The organoids altered by the interventions began growing normally, and proliferation of their progenitor cells increased. In the actual brain, these give rise to different types of cells, including neurons.
“PTHS is a rare disease, but others also involve mutations in the same gene, so our discovery can be used in future to treat disorders like schizophrenia, for example,” Papes said.
A third intervention consisted of the administration of CHIR99021, a drug used in studies involving tumor cells that activates a cell signaling pathway known as Wnt, widely studied for cancer research. The authors discovered that Wnt is also altered by mutations in the gene TCF4.
In dysfunctional cells and organoids treated with the drug, several molecular indicators improved and organoid size increased. The results open up the possibility of developing similar medications to treat the dysfunction since CHIR99021 cannot yet be used in humans.
“This pathway treated with the drug is merely one of those altered by the gene mutation. The advantage of gene therapy over pharmacological treatment is that it would solve the problem at its source.

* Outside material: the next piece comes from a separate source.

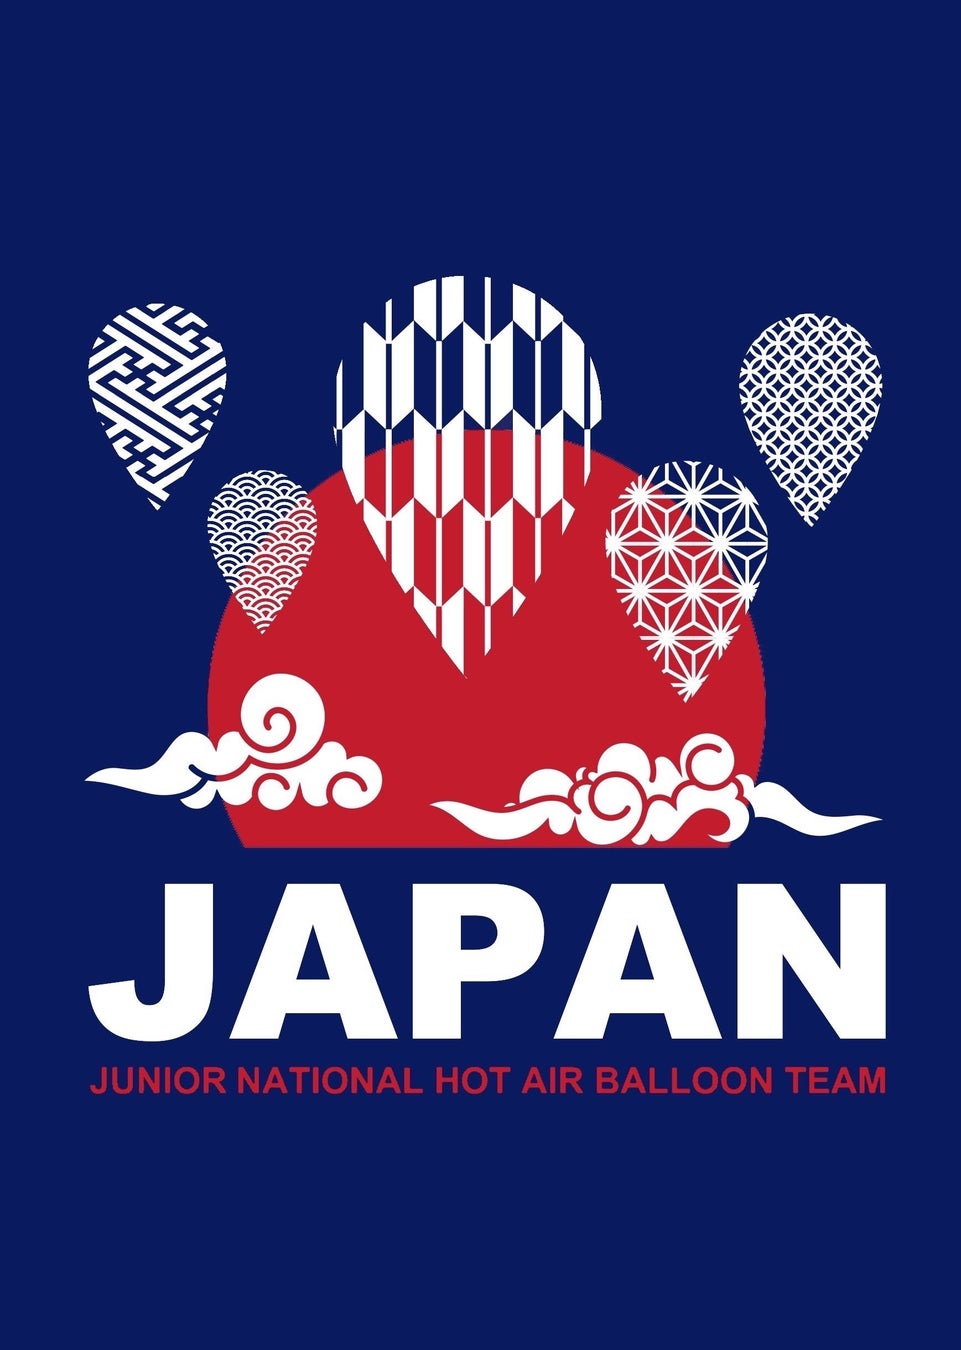 ガスパル九州が「FAI第６回熱気球ジュニア世界選手権」日本代表選手団に協賛しました。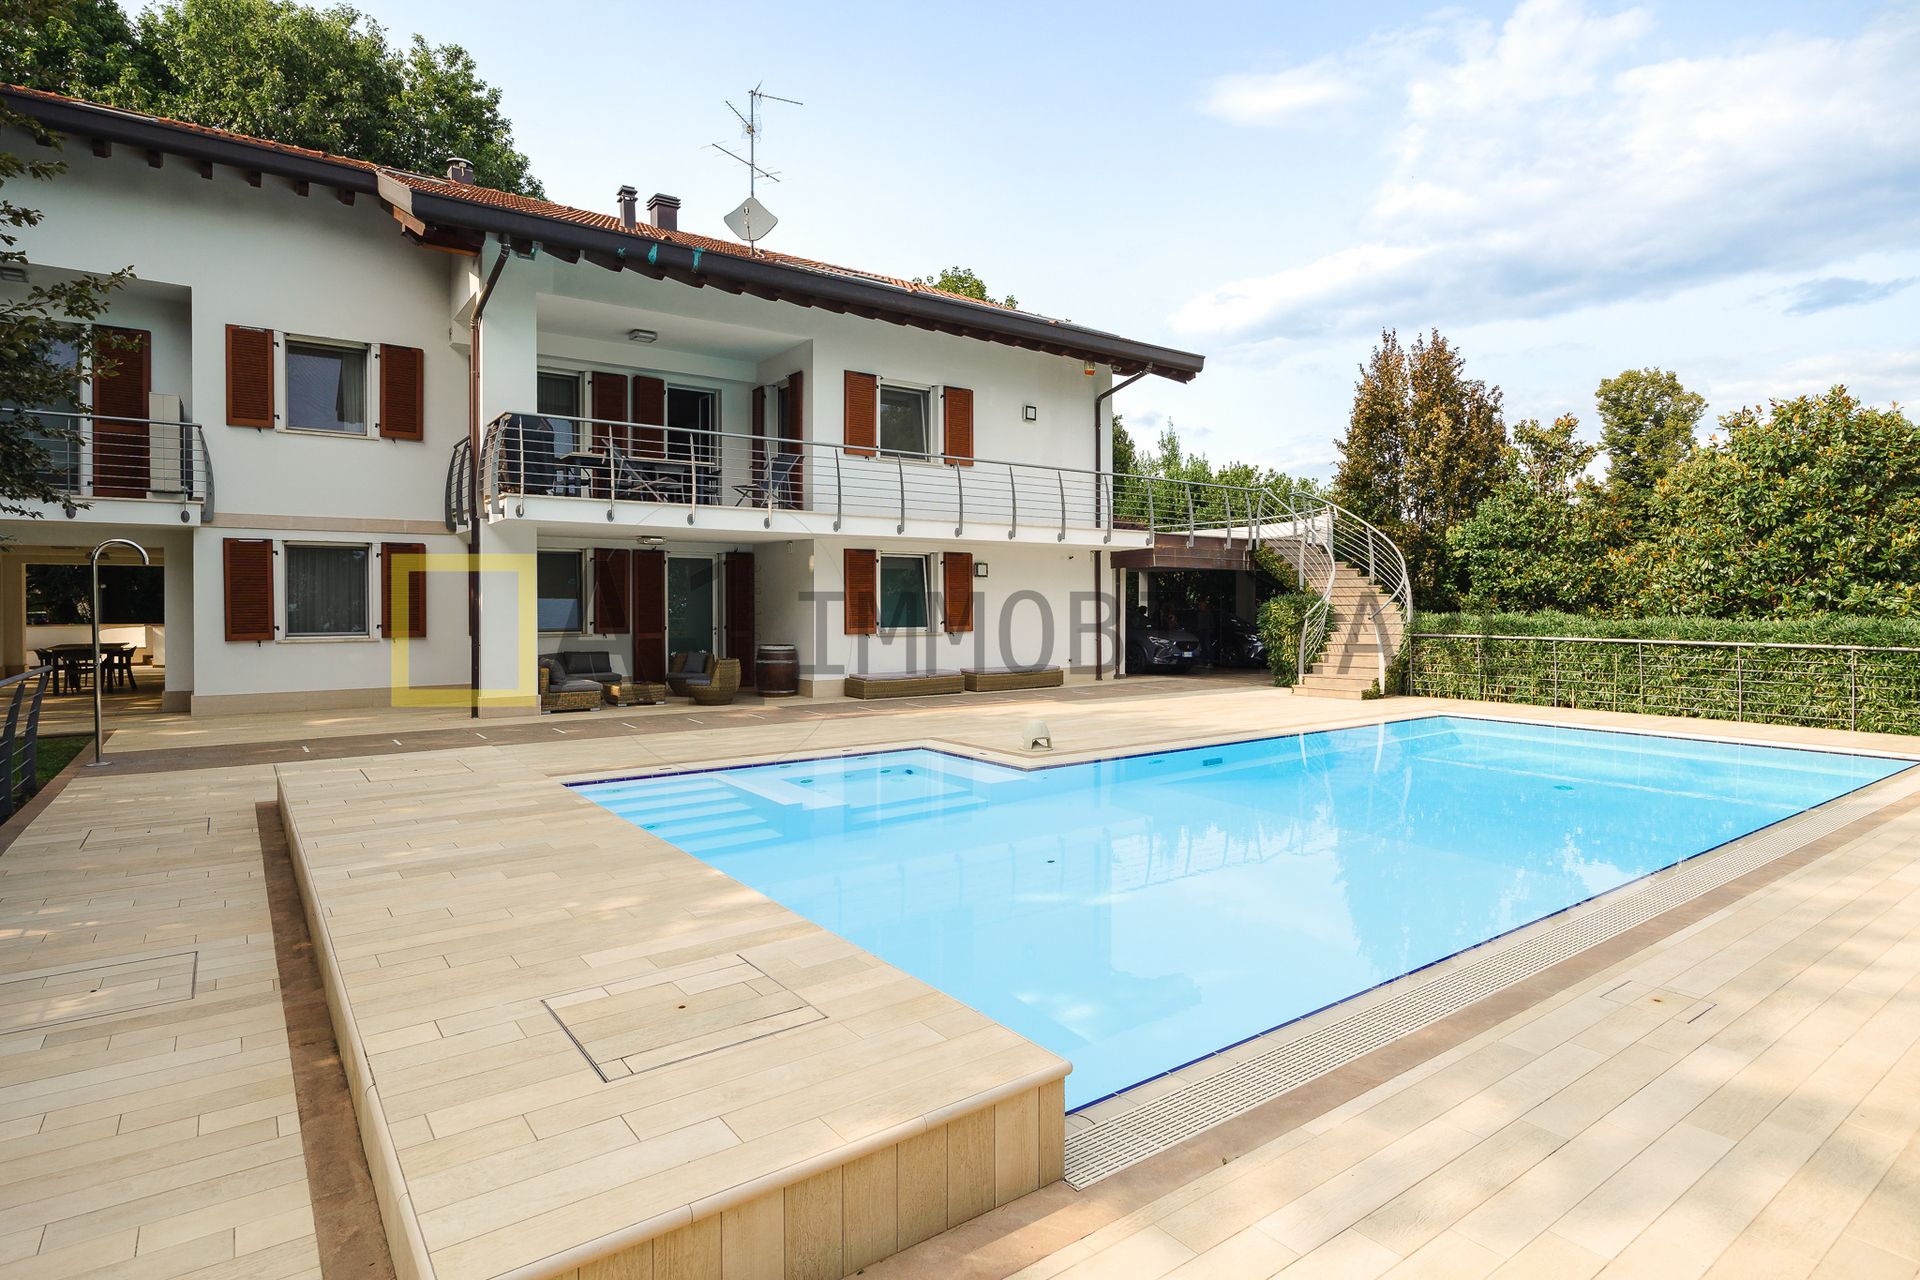 Se vende villa by the lago Monticello Brianza Lombardia

However, the search for new drugs is also promising,” Papes said.
The researchers will now advance to pre-clinical and clinical trials, partnering with a company which is specialized in gene therapy and is licensing the technology used in the experiments for future testing on human patients.
The study was supported by FAPESP via a master’s scholarship awarded to José Ricardo Teixeira Júnior and a PhD scholarship awarded to Antônio Camargo, both affiliated with IB-UNICAMP.
Funding for the research was also provided by the National Scientific and Technological Development Council (CNPq) in Brazil, the National Institutes of Health (NIH) in the United States, and the Pitt-Hopkins Research Foundation.
The article “Transcription Factor 4 loss-of-function is associated with deficits in progenitor proliferation and cortical neuron content” is at: www.nature.com/articles/s41467-022-29942-w.